Background
Health related quality of life (HRQoL) is a crucial outcome metric used in settings from clinical trials [
1,
2] to population health surveillance [
3‐
7]. The Veterans Rand questionnaire (VR) is a multi-attribute generic instrument measuring patient-reported HRQoL. The instrument has a long (VR-36) and a short form (VR-12), both measuring a physical component summary (PCS
VR) and a mental component summary (MCS
VR). The VR-36 also is comprised of eight scales, which correspond closely to the Medical Outcome Study (MOS) Short Form 36 version 1.0 (SF-36, [
8‐
10]).
The VR instruments were created to address the veteran population in the United States (US) [
11]. The Veterans Health Administration (VHA) is a national health care system, which serves over nine million military veterans in the US. It is one of the largest integrated health care systems in the US. This patient population has special medical needs, is older, poorer, sicker (with more diseases than veterans nationally) and has a higher percentage of men than the general adult population [
12‐
14]. The creation of the VR instruments has been previously documented [
13‐
16] and shown to be valid for the VA population [
13,
17‐
27] as well as other general US populations [
28‐
35]. The English-language VR instruments have become an integral part of registries [
36] and studies of National U.S. health programs [
18,
37,
38] including the evaluation of the Medicare Advantage Program by the Centers for Medicare and Medicaid Services (CMS). Advantages of the VR instruments include their validity in older and sicker populations, their availability (all instruments are in the public domain) and their strong psychometric properties across different and wide-ranging socio-demographic and clinical groups.
In this study, we translated and culturally adapted the VR-36 into the German language (Germany) and validated the VR-36 and VR-12 in a population of German patients undergoing inpatient rehabilitation. The German VR-36 and VR-12 were comprehensively validated and compared to the SF-36 and SF-12 in inpatient populations of orthopedic and psychosomatic rehabilitation patients (the two largest clinical indications of German inpatient rehabilitation patients).

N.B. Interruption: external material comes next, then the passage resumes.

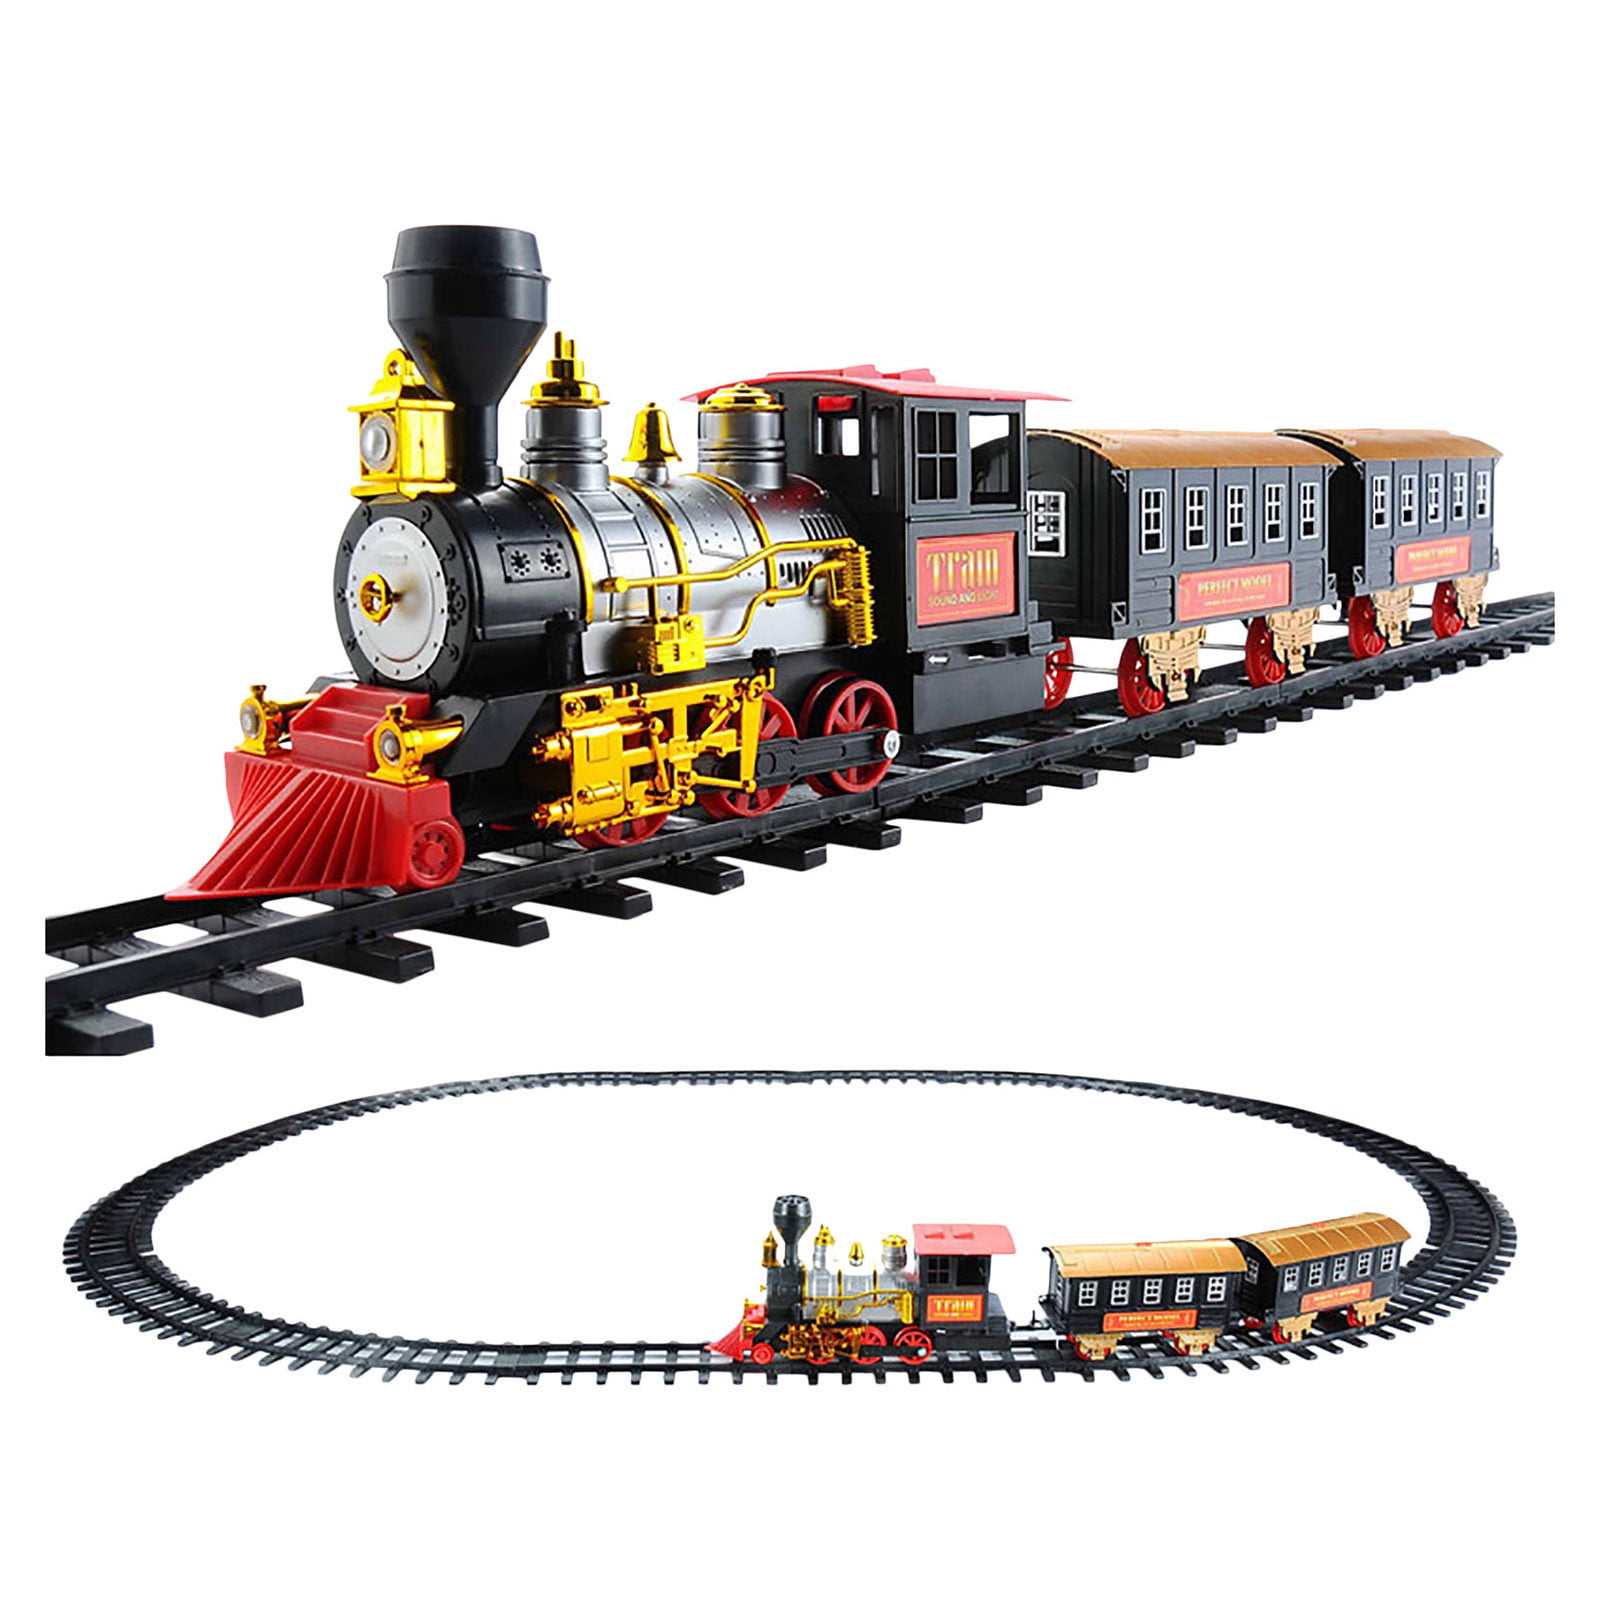 Details about   Original Thomas and Friends Donald Plastic Electric Train Set With Free Shipping

The SF-36 and the SF-12 are considered gold standards of self-assessed generic health instruments and they have been extensively distributed and used across a wide range of countries, populations and purposes. They are recommended for measuring patient outcomes in the medical rehabilitation setting in Germany [
39‐
42]. Since the field of medical rehabilitation has been one of the most common applications of the SF-36 in the German-speaking countries, it was important to compare the measurement properties of the VR instruments to the SF-instruments in this setting.
Measures
In addition to the VR and SF instruments, the patient questionnaires contained several other self-report measures. These measures were chosen to correspond to the eight scales and the summary scores of the VR instruments in order to validate the VR instruments.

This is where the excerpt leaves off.